In response to the recommendation, the RCMP developed two courses on critical incident response management: a 90-minute online introductory course and an advanced, 16-hour course. And the courses were made mandatory for all front-line supervisors in 2018.

But in the years that followed, few Mounties signed up for the courses. That problem was revealed by the public inquiry that investigated the 2020 mass shooting in Nova Scotia that saw another lone gunman kill 22 people — including an RCMP officer — during a 13-hour rampage on April 18-19, 2020.

The final report from the Mass Casualty Commission, released just over a year ago, confirmed that none of the RCMP’s commanders who initially responded to the Nova Scotia mass shooting had taken the advanced course, and only one had completed the introductory course.

“We find that many of the supervisors involved in the initial critical incident response in Portapique, N.S., had not received the training that … MacNeil recommended,” the inquiry’s report says. The supervisors who co-ordinated the RCMP’s response that night “were in no better position than their colleagues had been in Moncton in June 2014.”

The commission of inquiry also challenged the Mounties’ claim to inquiry investigators in 2022 that they had already implemented MacNeil’s recommendation.

“A recommendation is not properly characterized as ‘implemented’ if training … has not been completed by all or a large proportion of those to whom it is directed,” the commission’s final report said.

As a result, the commission recommended the RCMP arrange for an external review of its critical incident response training for front-line supervisors, and it specifically mentioned the two courses in question.

Two months ago, RCMP commissioner Mike Duheme provided an update on the RCMP’s progress in implementing the public inquiry’s recommendations, and he released the required external review. It said improvements were needed with the advanced course, but it also confirmed the compliance rate for training remained low.
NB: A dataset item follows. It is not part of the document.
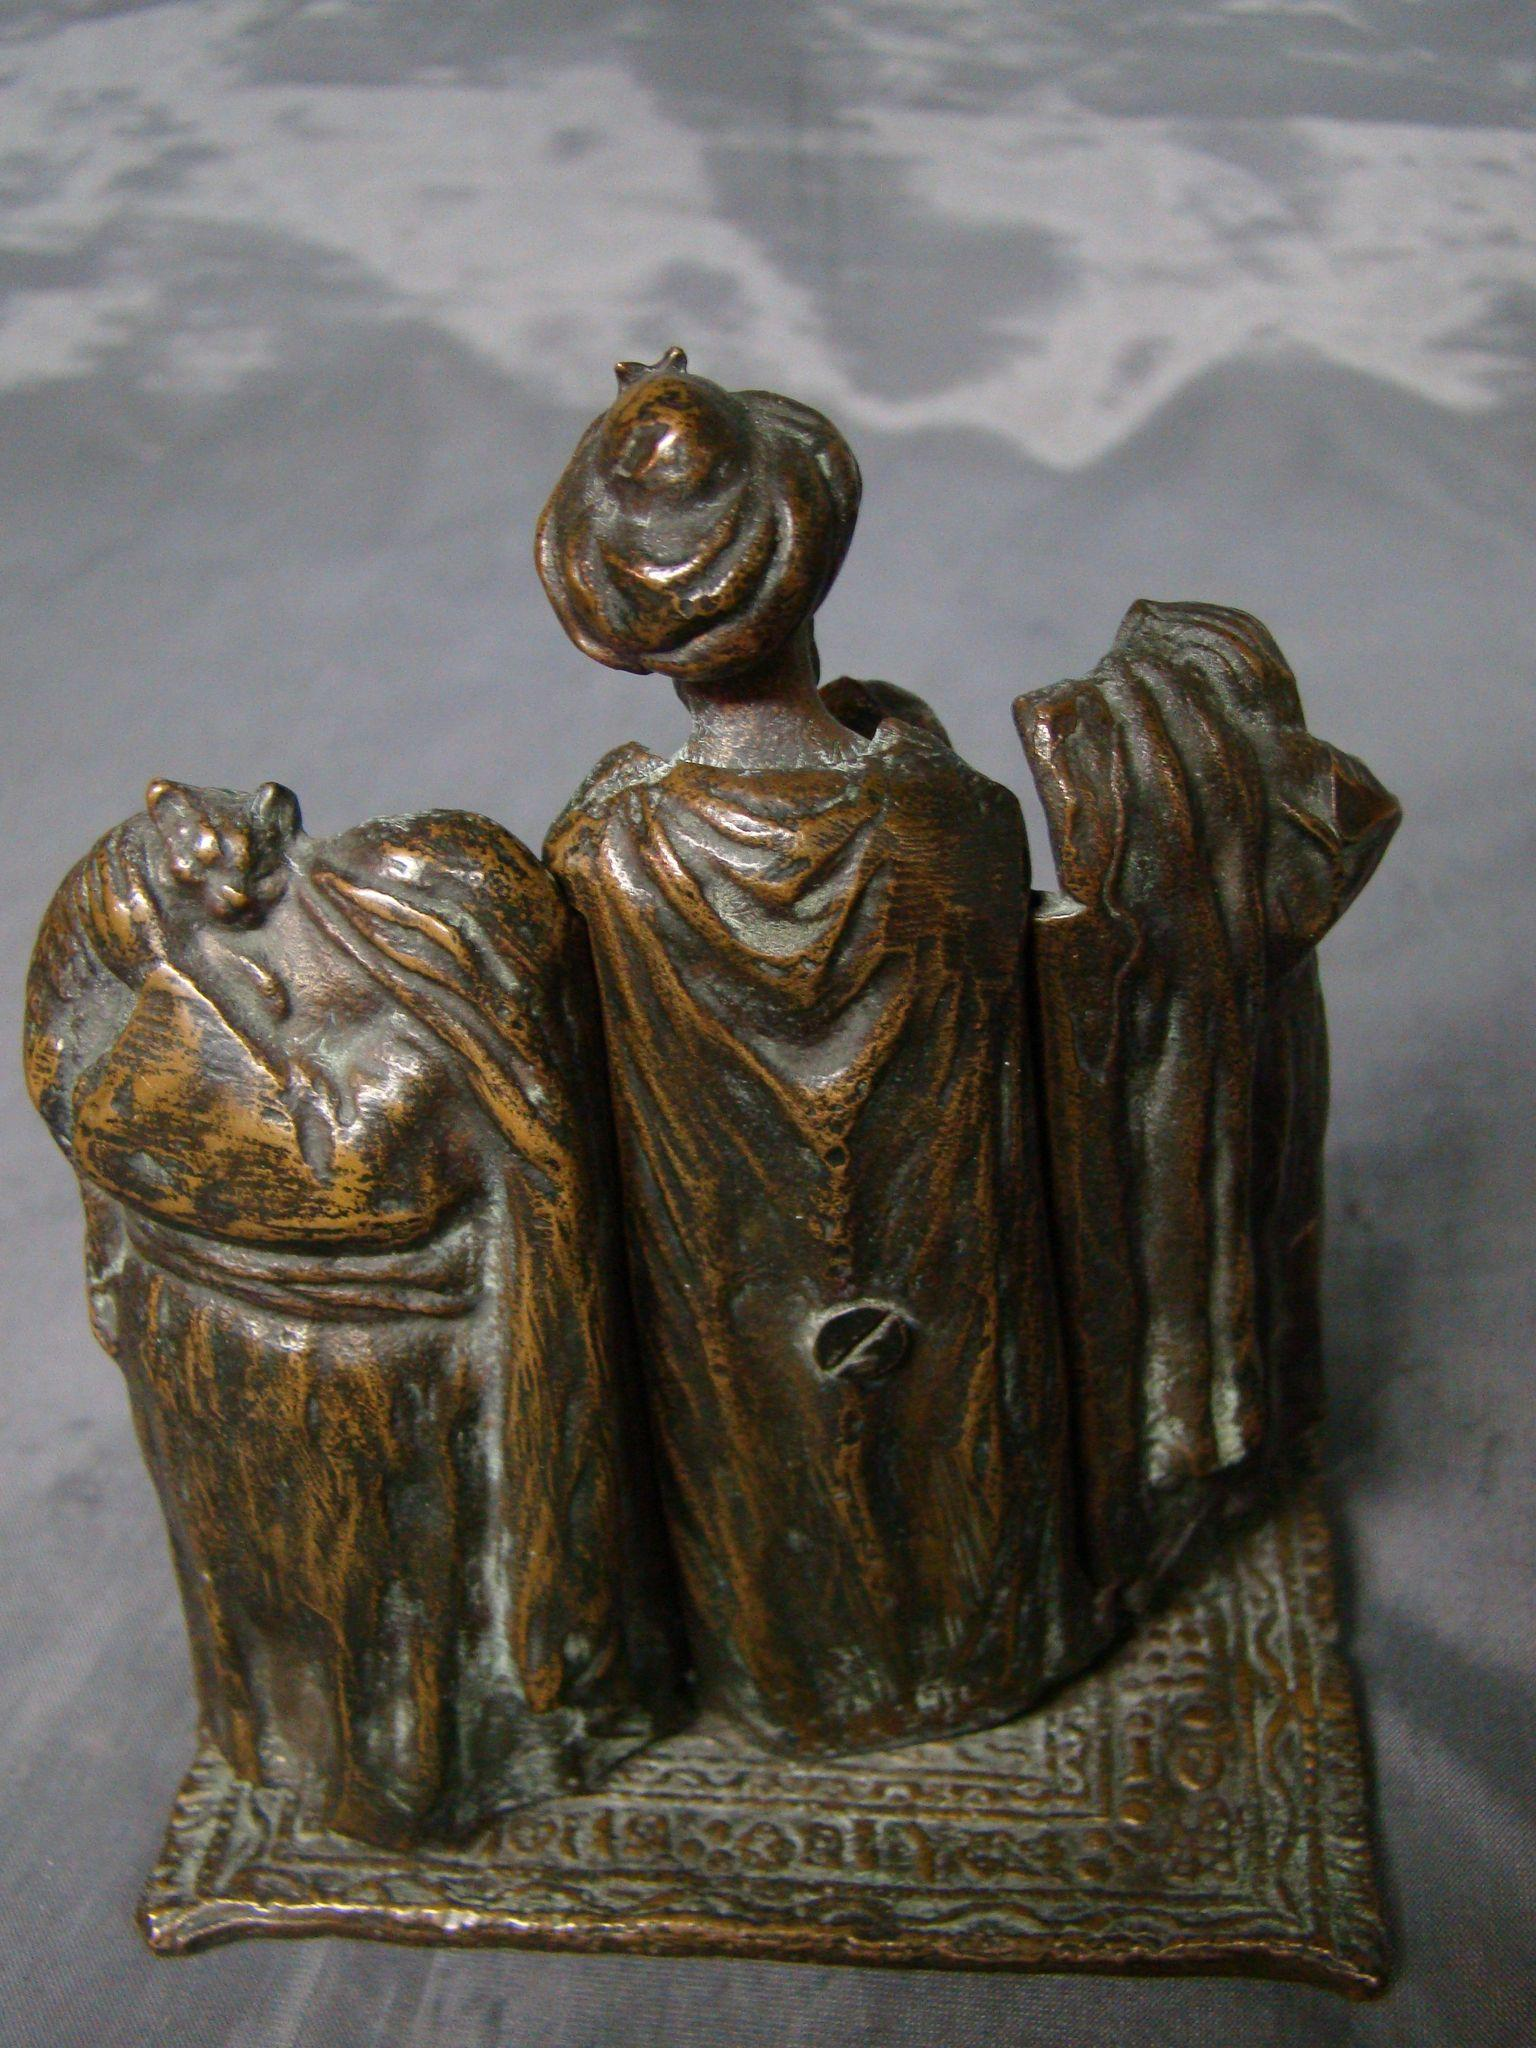 Austrian antique hidden erotic bronze sculpture Arabic man

By March 31, 2023, only 14 per cent of constables had taken the advanced course. The RCMP’s target for that date was 55 per cent.
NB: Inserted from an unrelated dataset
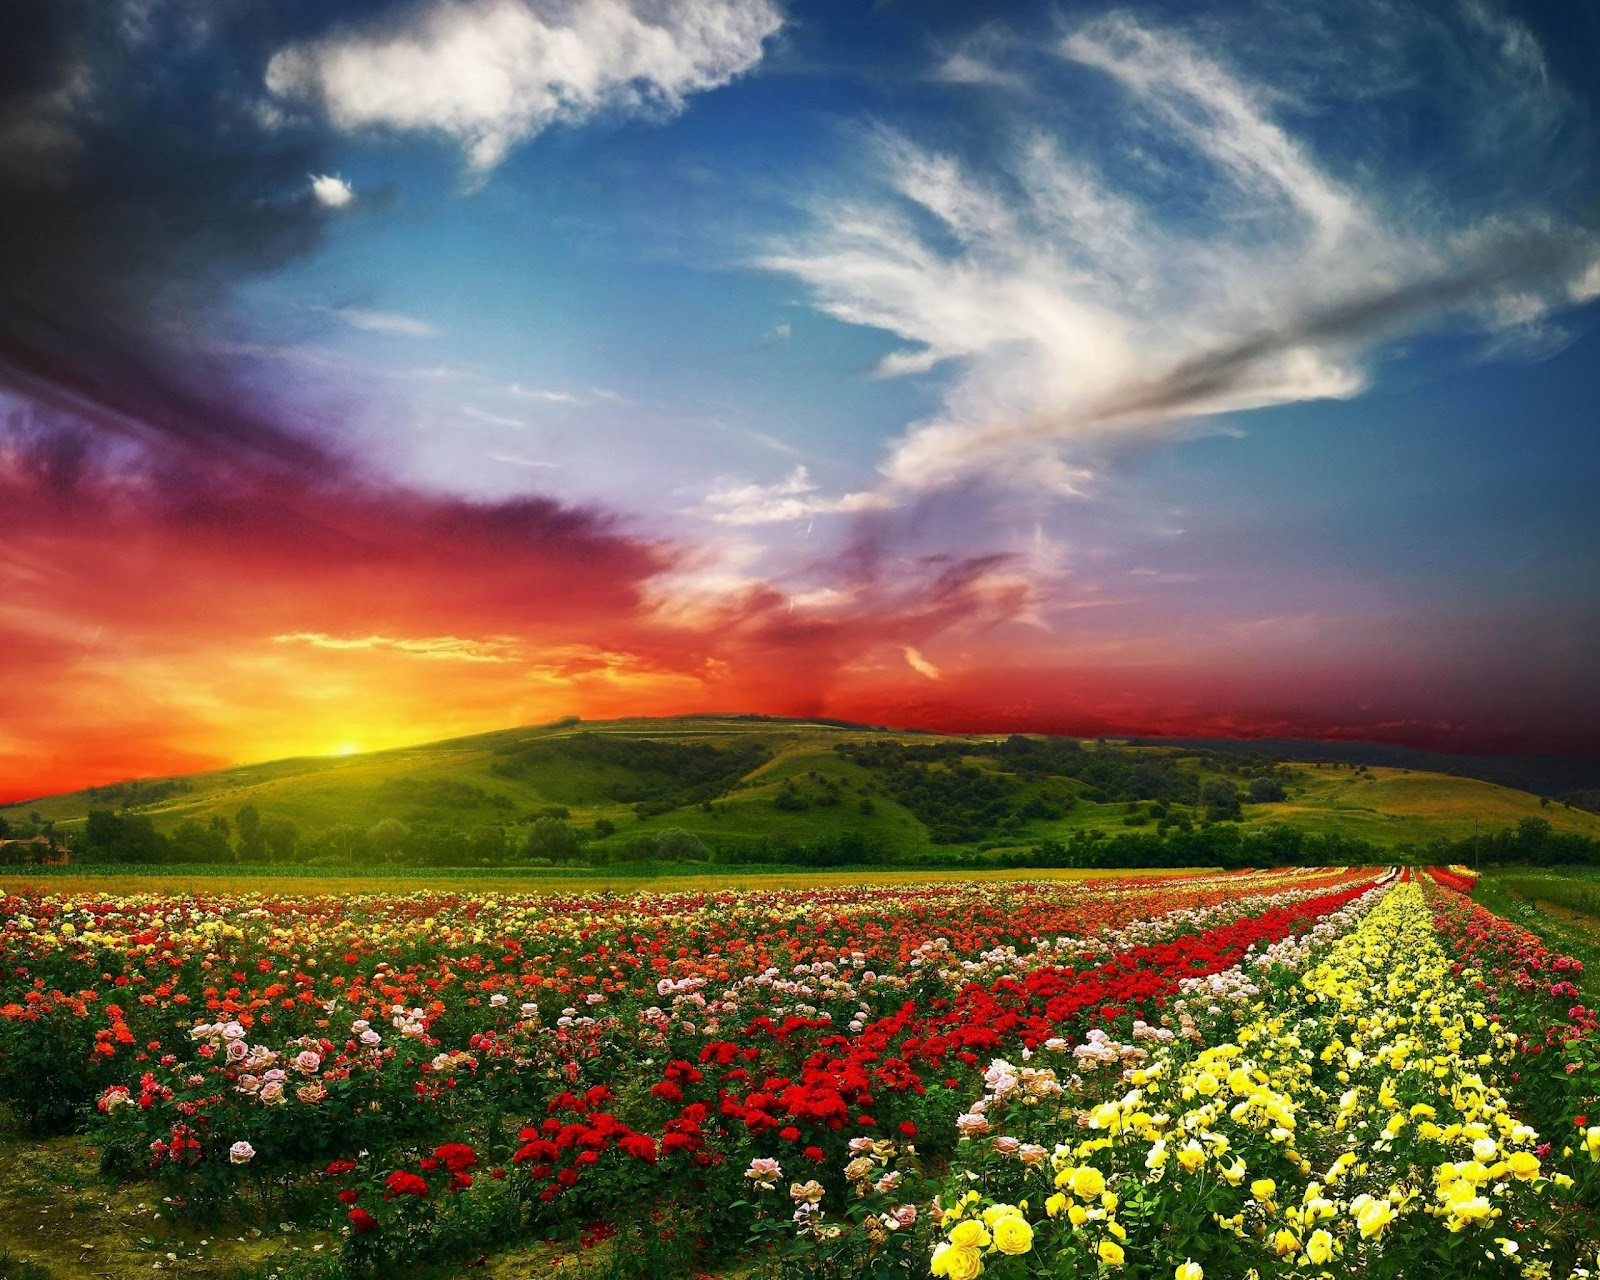 http://3.bp.blogspot.com/-SjEeh5-OSEc/UA093TOIG0I/AAAAAAAACpQ/RjQrHaDxJs4/s1600/bulgaria-scenery-rose-valley-countryside-flowers-clouds-horizon-sun-landscape.jpg

In the more senior ranks, 44 per cent of corporals had completed the course by the same date. The police force was aiming for 70 per cent by March 2024, but more recent statistics were not available.
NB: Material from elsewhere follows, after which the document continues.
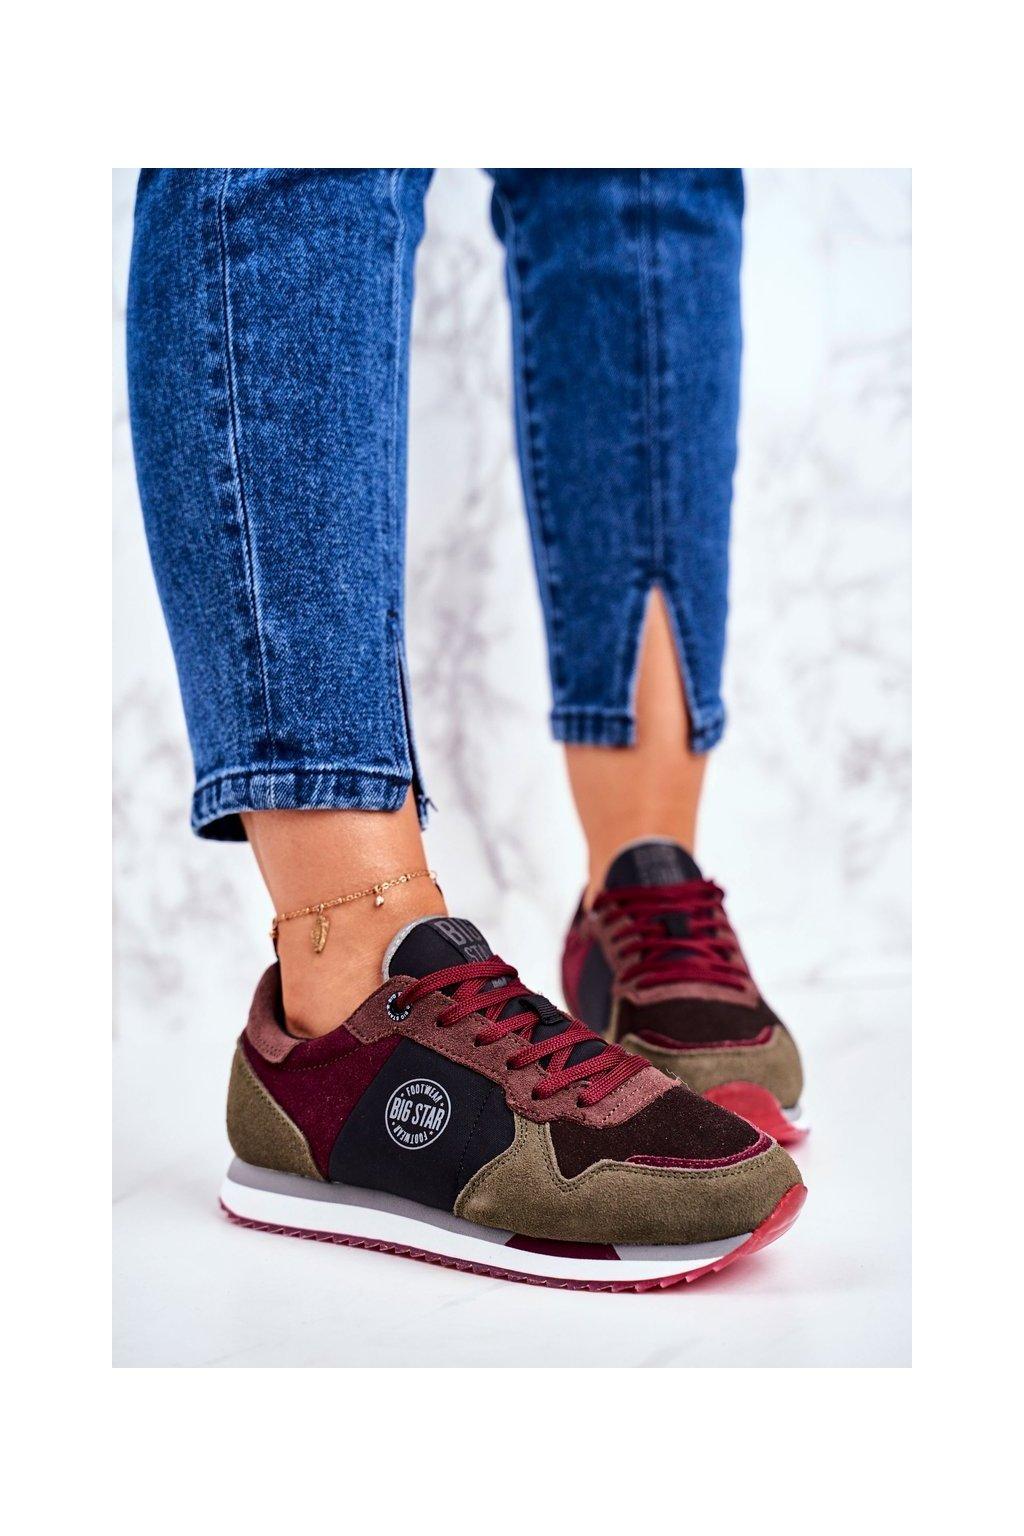 Dámske tenisky farba sivá kód obuvi GG274459 GREY/WINE

As for sergeants, 43 per cent had taken the course by March 31, 2023, well below the 85 per cent required by March 2025.

The RCMP acknowledged a request for comment from The Canadian Press, but did not respond.

Christian Leuprecht, a professor of political studies at Queen’s University in Kingston, Ont., said the RCMP is a slow-moving organization that has long been starved for resources.

“There’s never enough financial and human resources because the demands always exceed the resources,” said Leuprecht, who also teaches in the political science department at the Royal Military College of Canada in Kingston.

Leuprecht said the RCMP’s lack of resources is compounded by the federal Liberal government’s apparent lack of interest in reforming the police force. “If it’s taken 10 years, the inference to draw is that nobody at the political level really cares,” he said.

Meanwhile, the Mass Casualty Commission’s final report had harsh words for the RCMP’s response to the MacNeil report, particularly when it came to critical incident management.

“While some good work was done in the immediate aftermath (of the Moncton shootings) … that work was not institutionally sustained and did not produce lasting improvements in preparedness and supervisor training,” the final report says.

As the anniversary of the Moncton shootings approaches, the RCMP says the date will be marked in the city by a private gathering among relatives of the three slain officers. The ceremony will be held Tuesday at the Honour Garden in Riverfront Park, where a monument features life-size statues of Gevaudan, Ross and Larche.